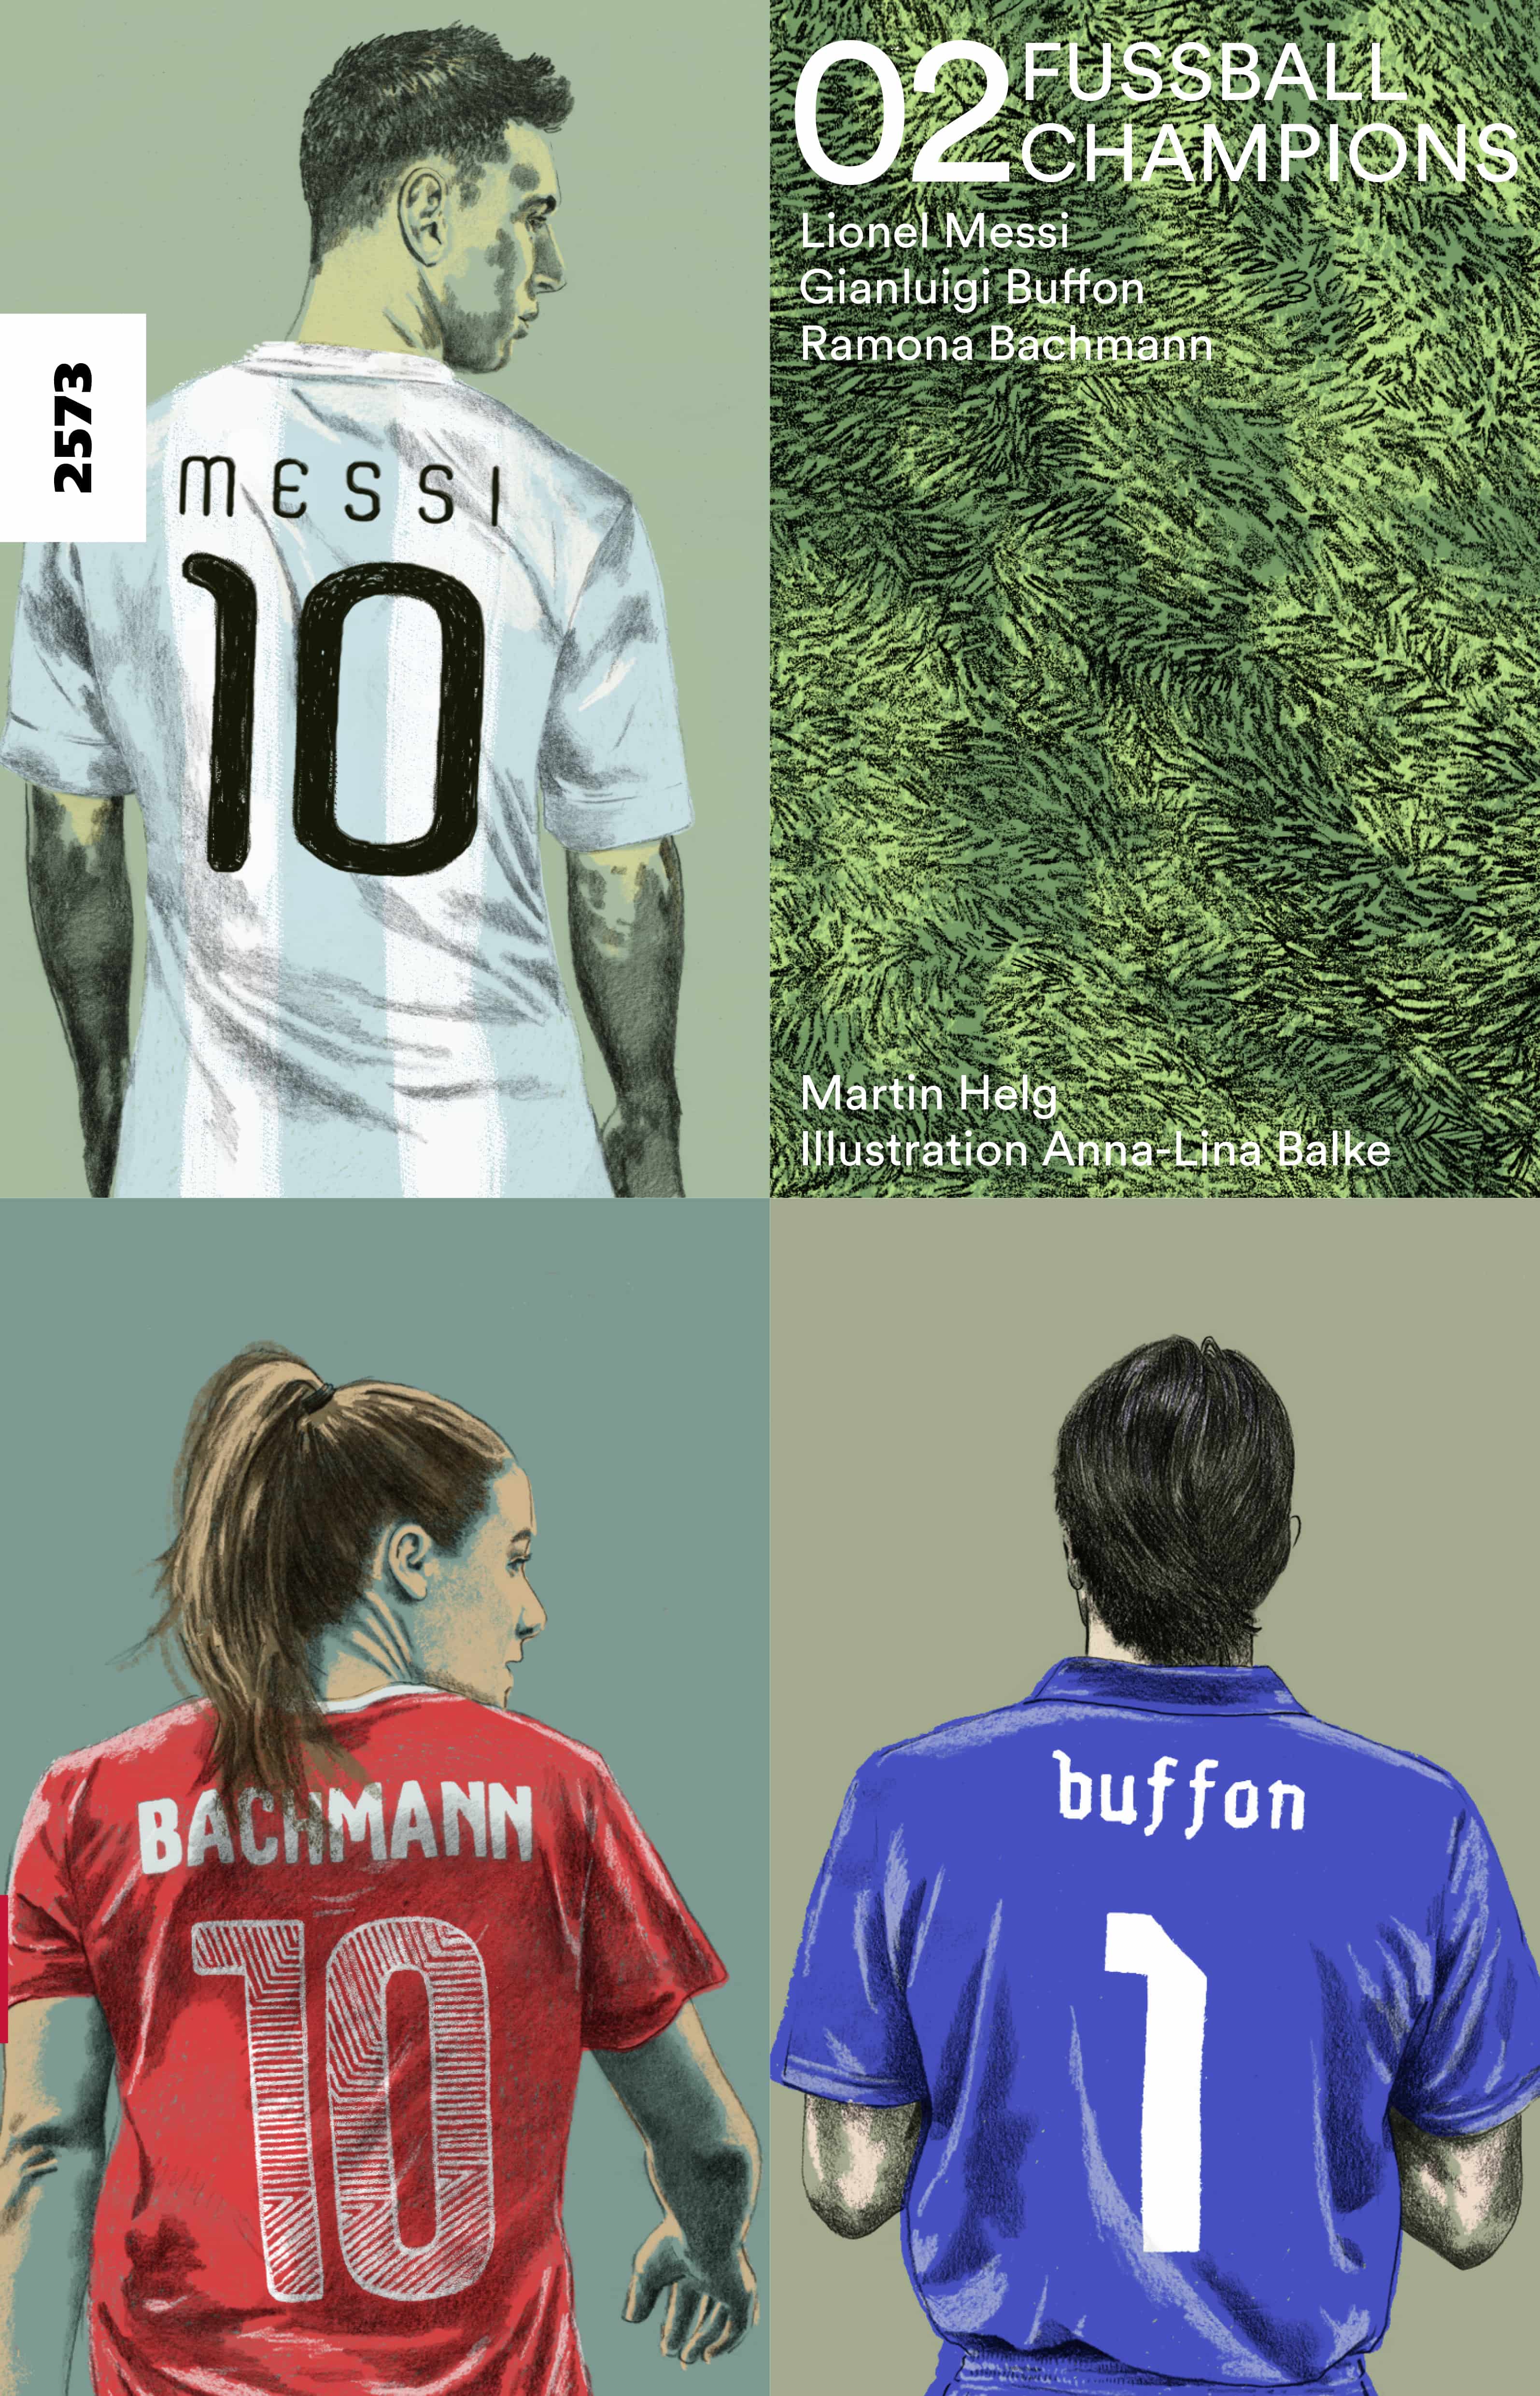 Fussballchampions 02 – Lionel Messi, Gianluigi Buffon, Ramona Bachmann
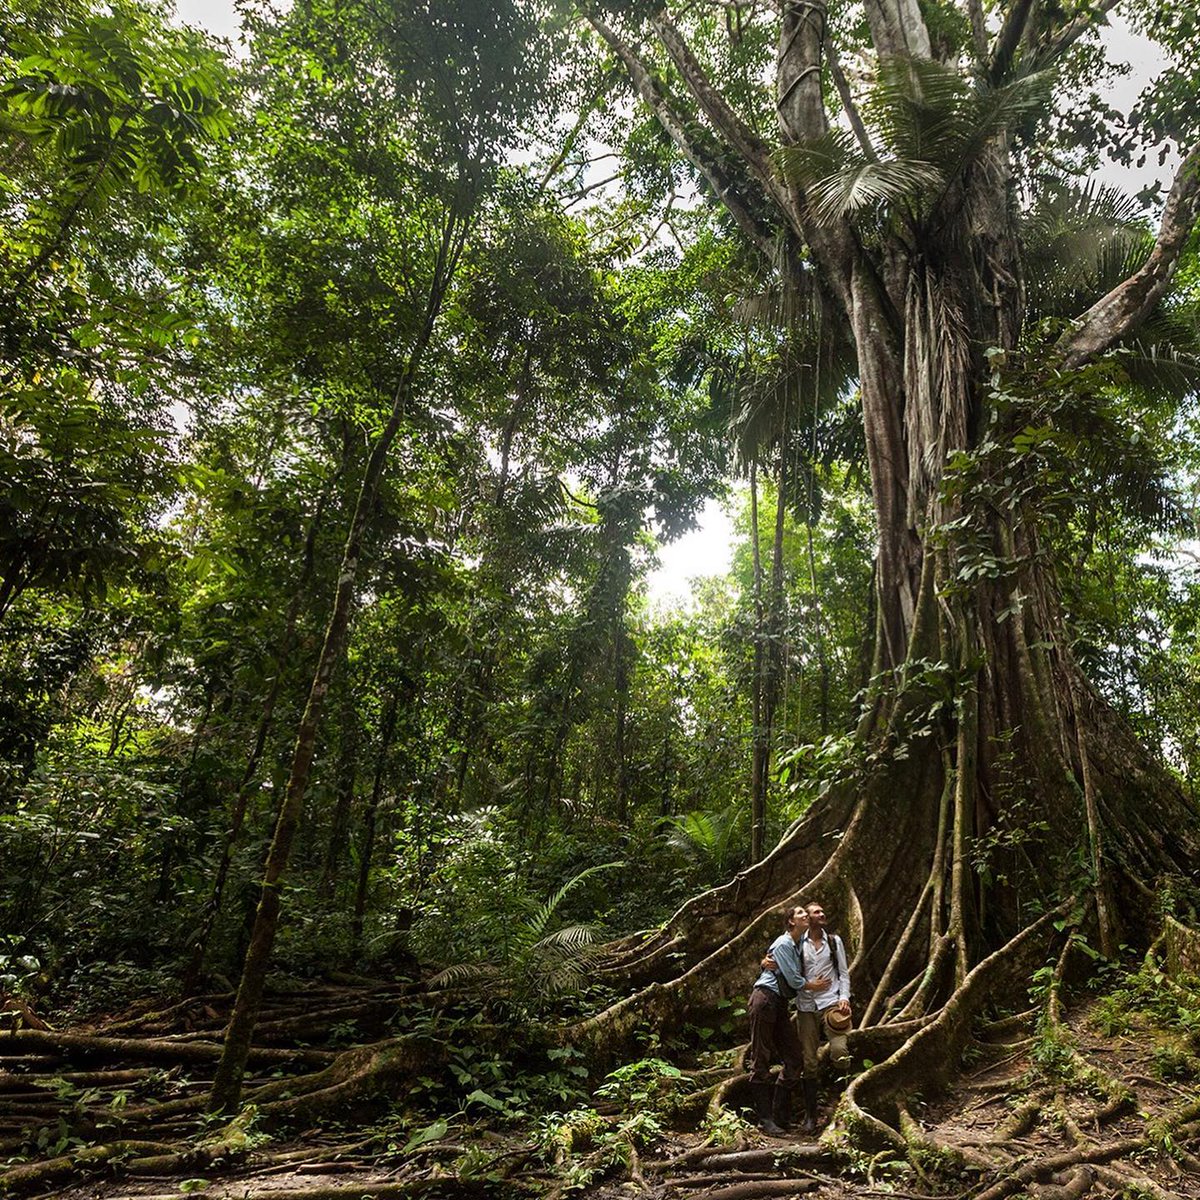 Life is all around you in the Amazon rainforest.  ​​​​​​​​
🌐More Info: n9.cl/xubpq
#Cuscojo #PeruvianAmazon #AmazonRainforest #ManuNationalPark #Amazon #PeruAdventure #PeruTravel #InfoMachuPicchu #IAmATraveler #DiscoverSouthAmerica #TasteMadeTravel #Peru #TravelMore
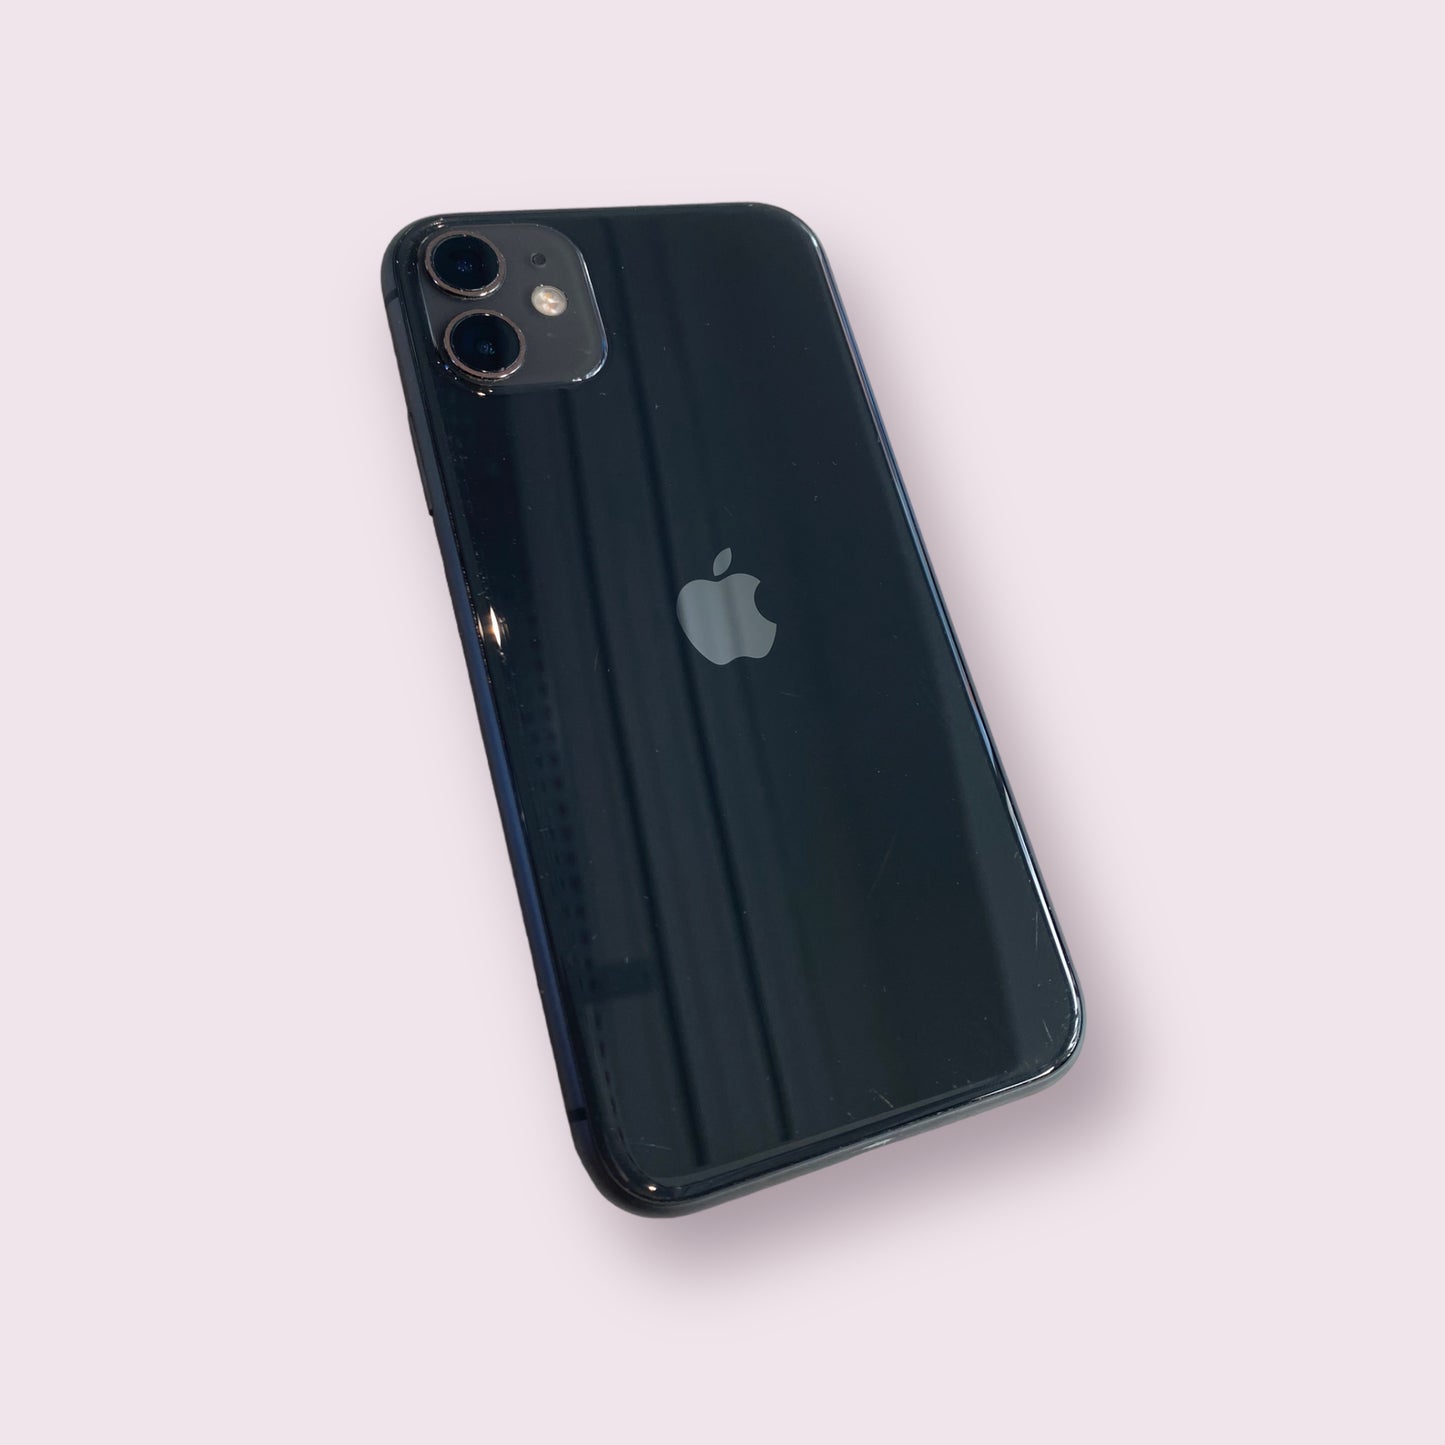 Apple iPhone 11 128GB Black Smartphone - Unlocked - Grade B

TASK GOAL:
Set down each entry above word for word, without its pictures.

OUTPUT BELOW:
 Fussballchampions 02 – Lionel Messi, Gianluigi Buffon, Ramona Bachmann
 Life is all around you in the Amazon rainforest.  ​​​​​​​​
🌐More Info: n9.cl/xubpq
#Cuscojo #PeruvianAmazon #AmazonRainforest #ManuNationalPark #Amazon #PeruAdventure #PeruTravel #InfoMachuPicchu #IAmATraveler #DiscoverSouthAmerica #TasteMadeTravel #Peru #TravelMore
 Apple iPhone 11 128GB Black Smartphone - Unlocked - Grade B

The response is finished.